- **Task prompt**: Only the lines from the one that contains "MED SOFT GREY VASE-HORIZ LINES D24H31cm" to the last line below, both included, should be transcribed. Pictures stay out of the copy.

Supplied material below:

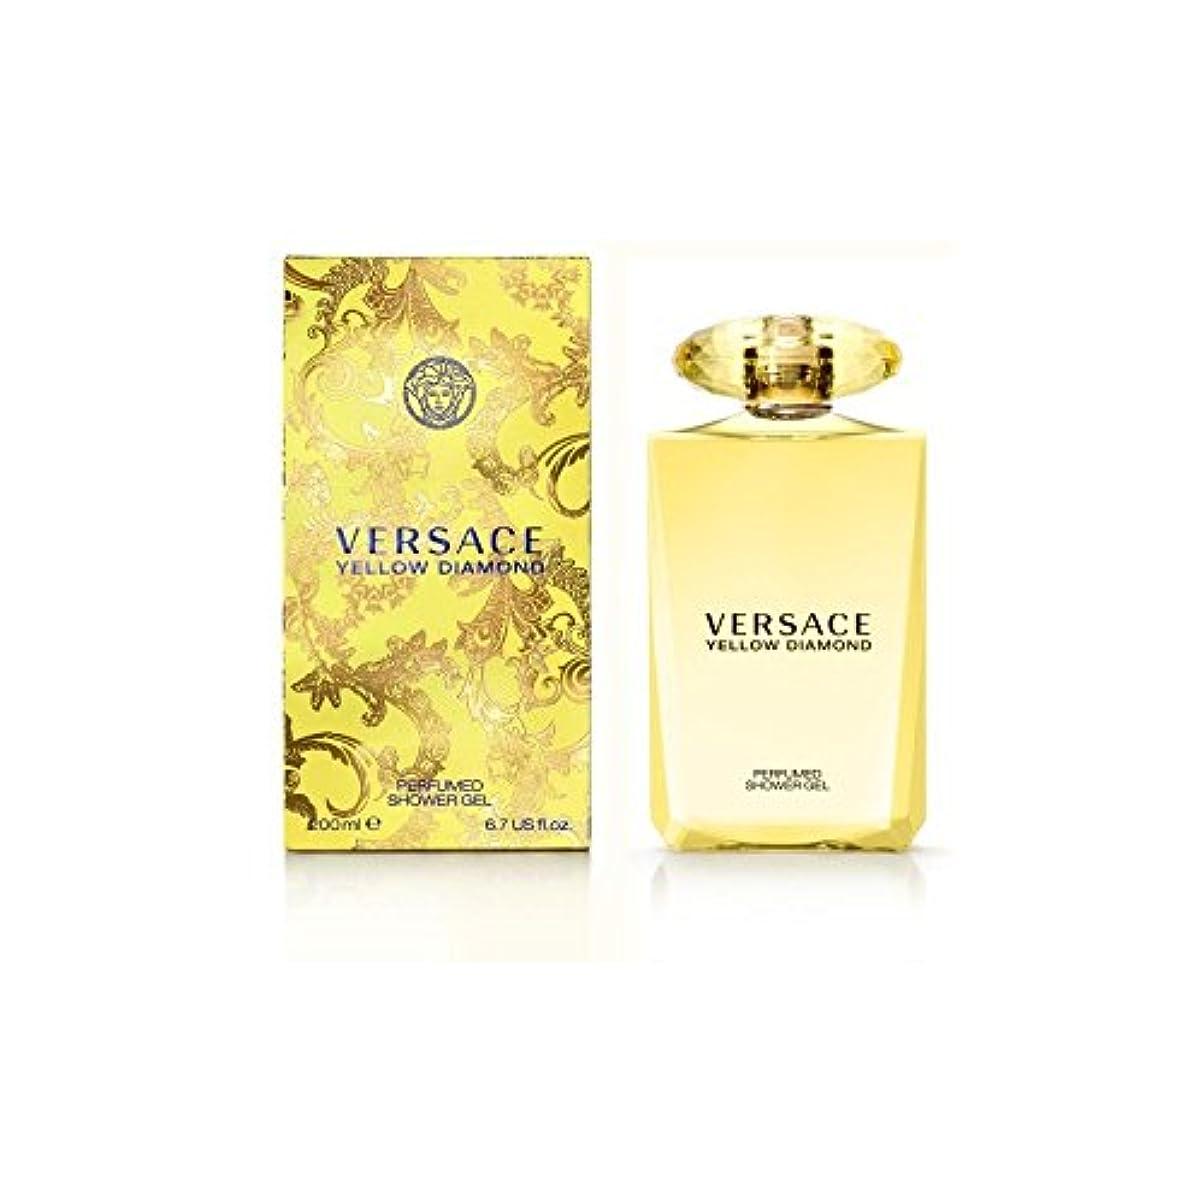 アルコーブバンドル結論ヴェルサーチ黄色のダイヤモンドバス&シャワージェル200 x4 - Versace Yellow Diamond Bath & Shower Gel 200ml (Pack of 4) [並行輸入品]
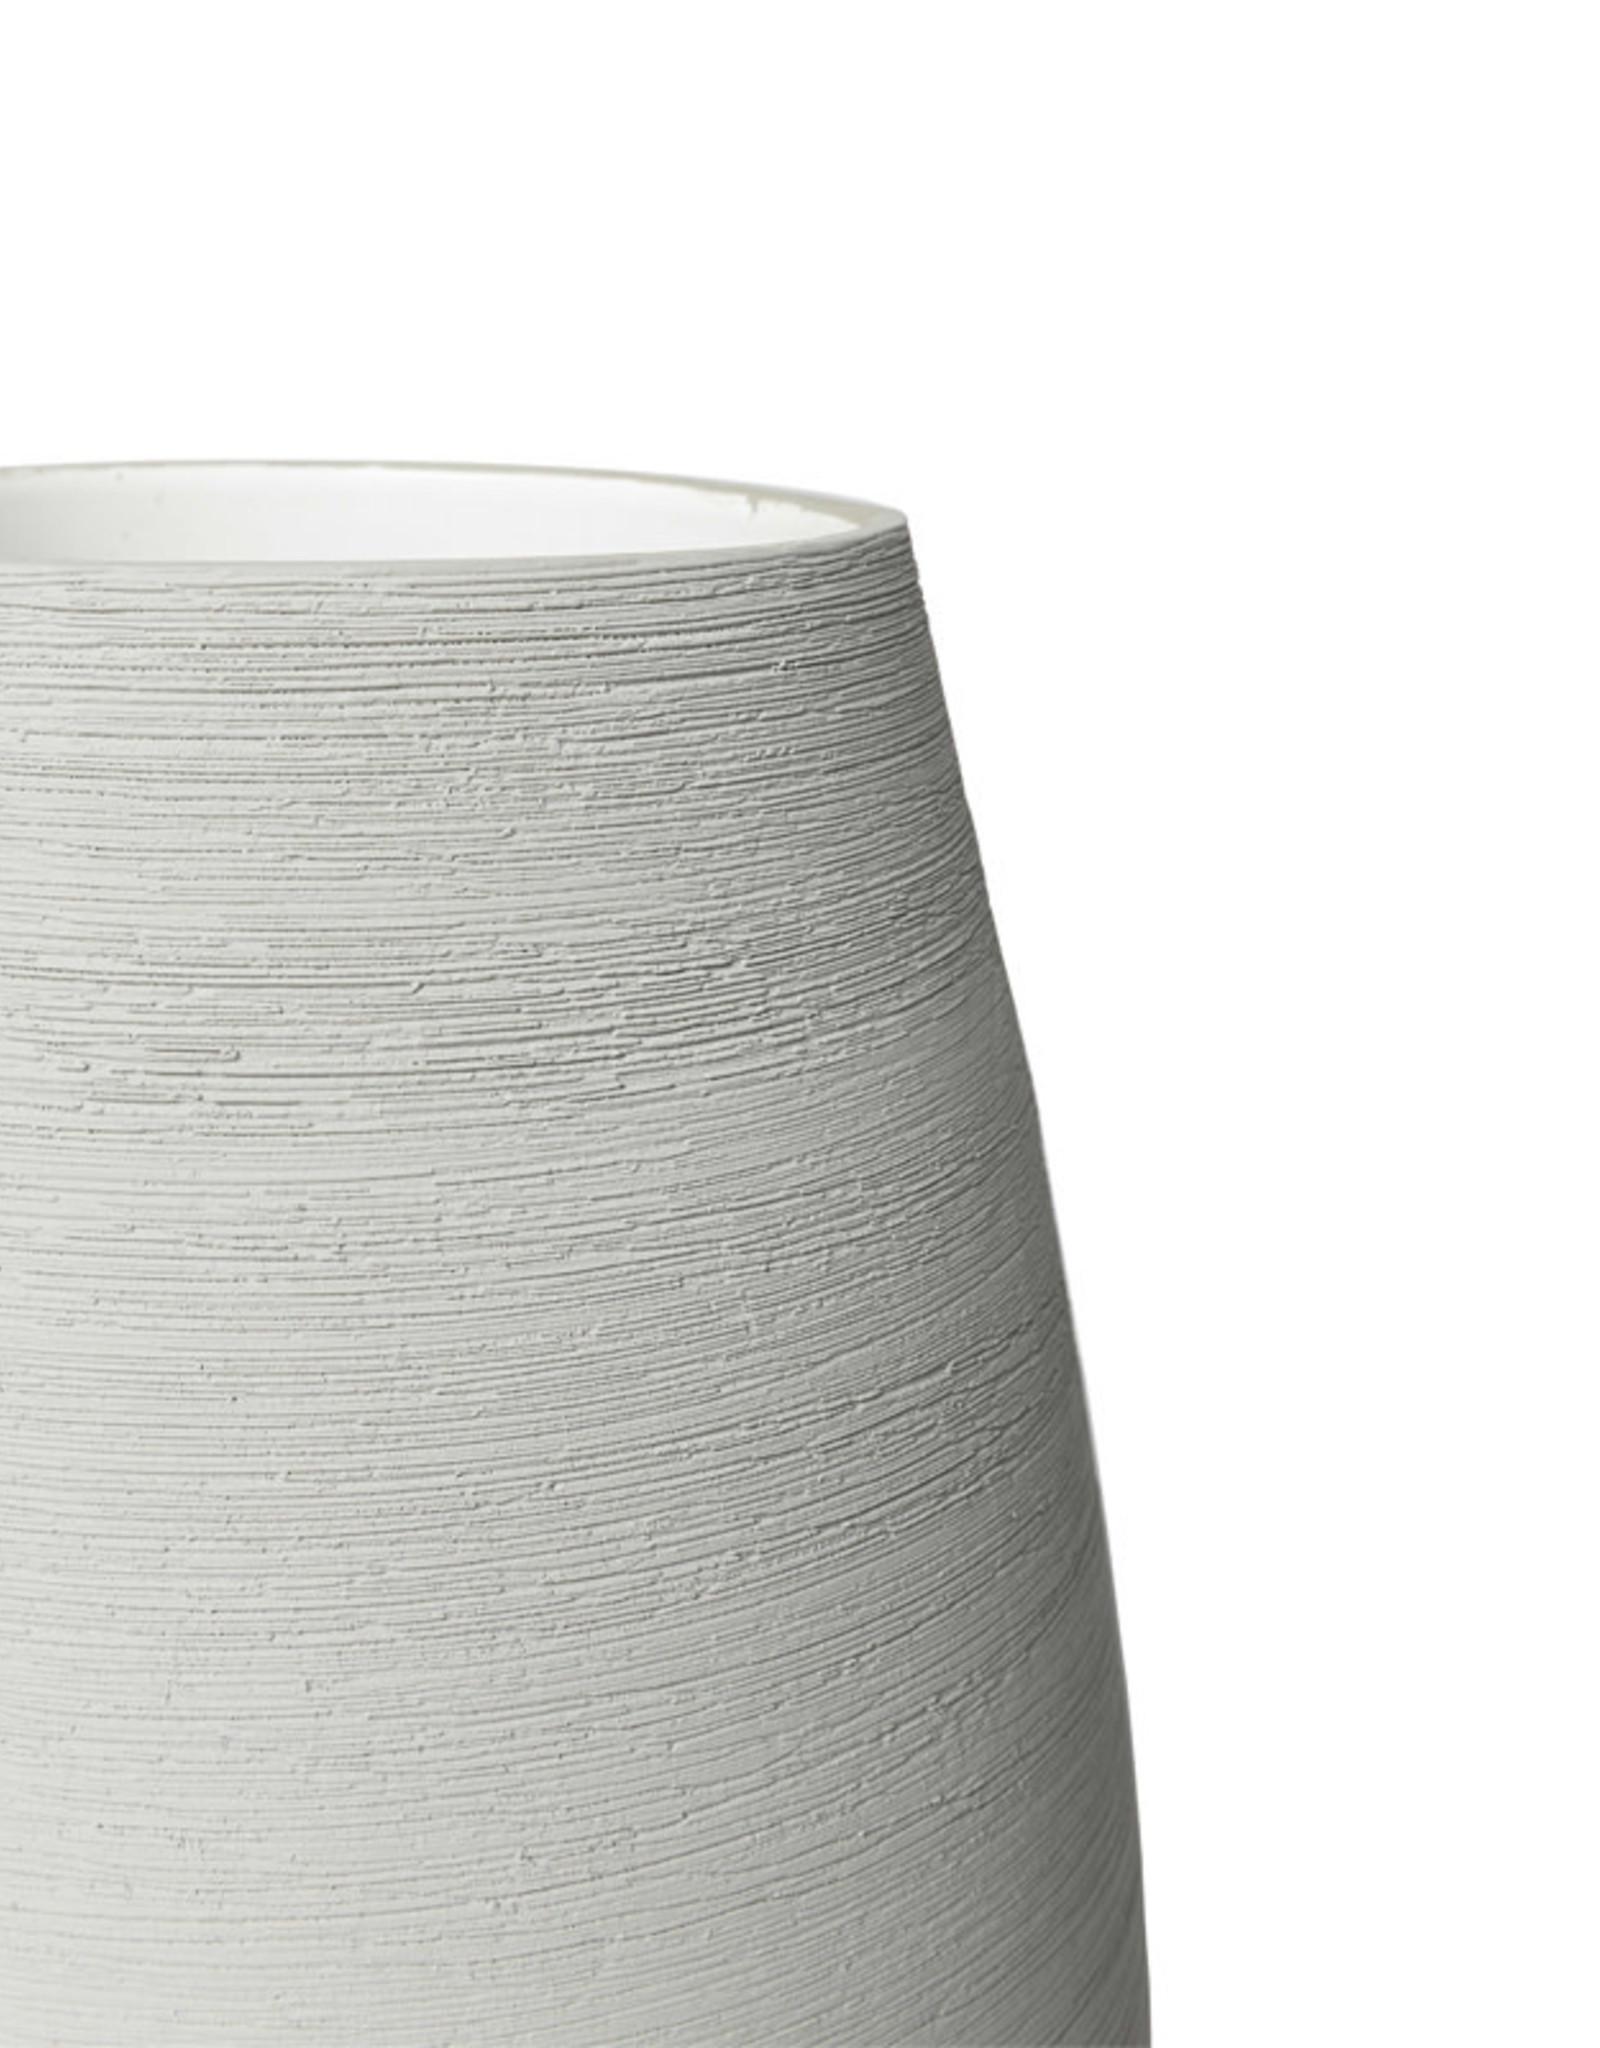 MED SOFT GREY VASE-HORIZ LINES D24H31cm
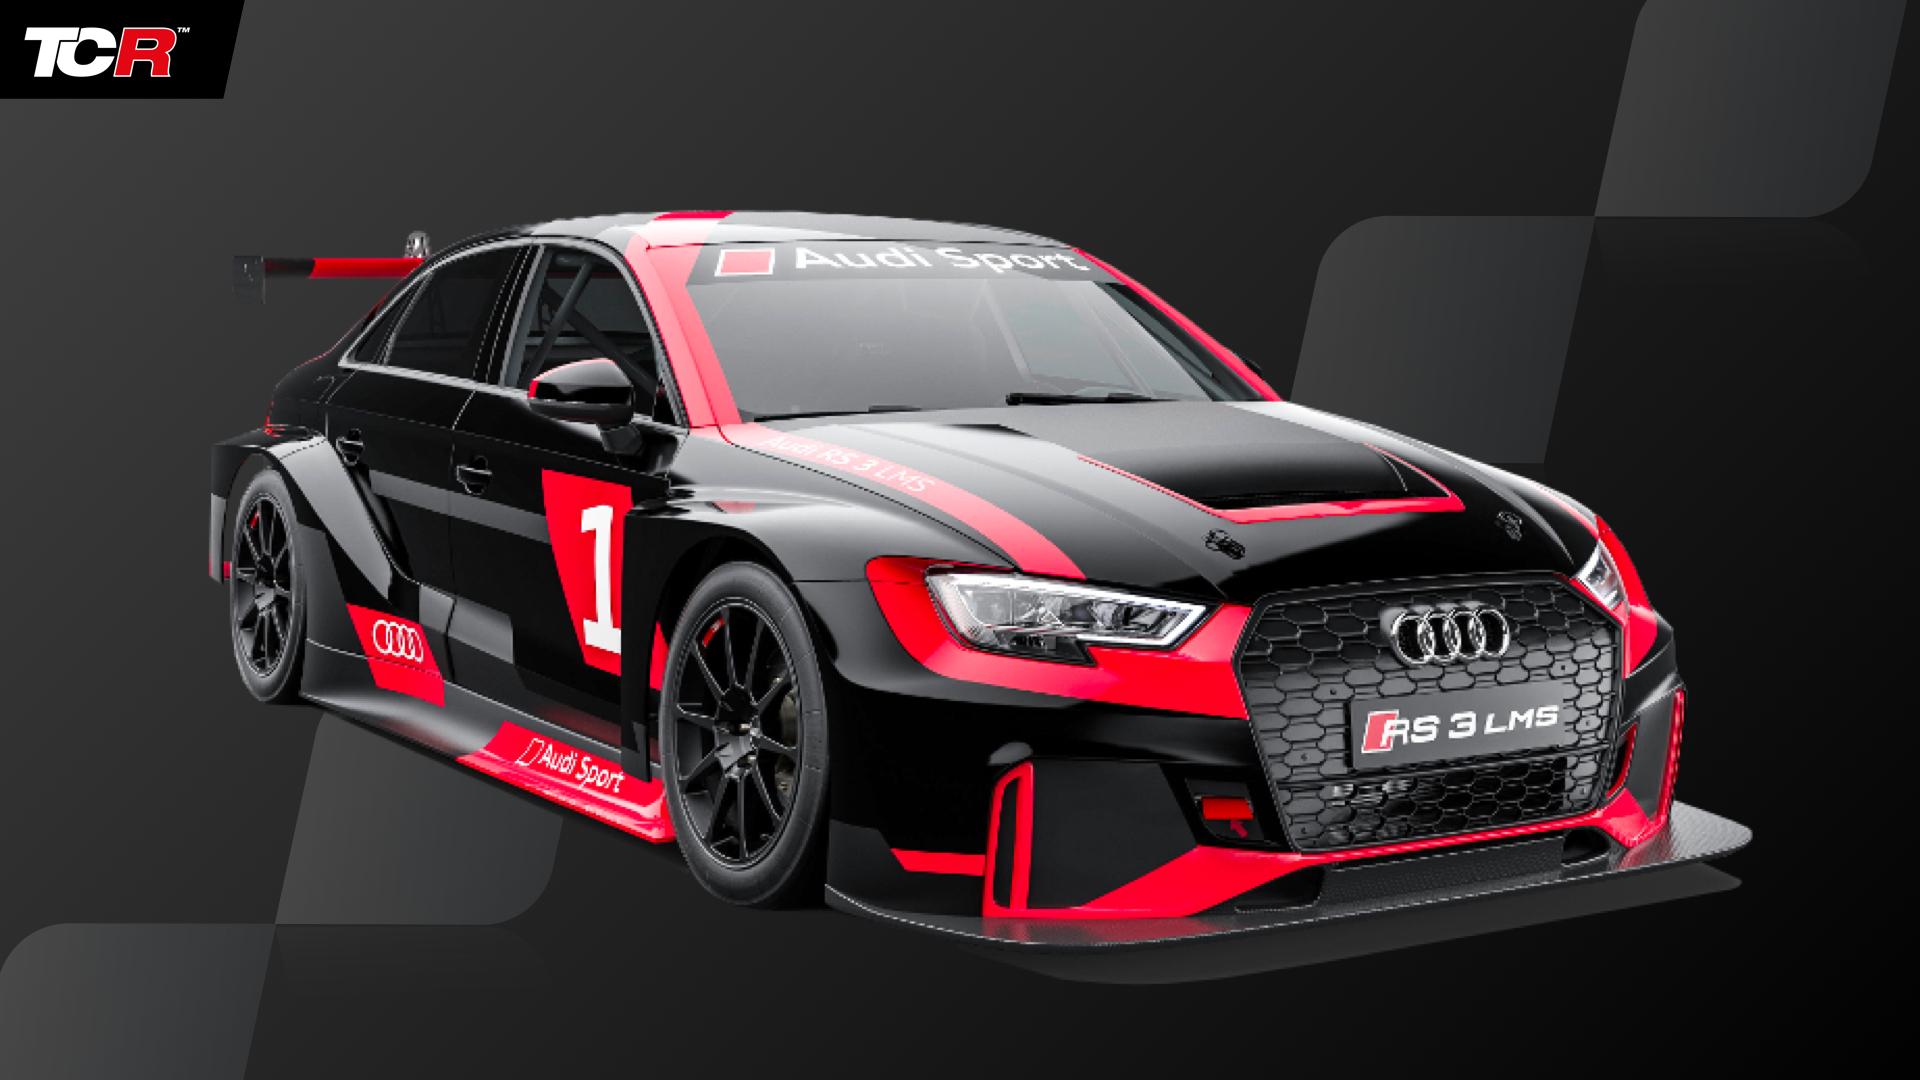 Audi RS 3 LMS SEQ - TCR HUB

End of Supplied material.

- **Task answer**:
 MED SOFT GREY VASE-HORIZ LINES D24H31cm
 Audi RS 3 LMS SEQ - TCR HUB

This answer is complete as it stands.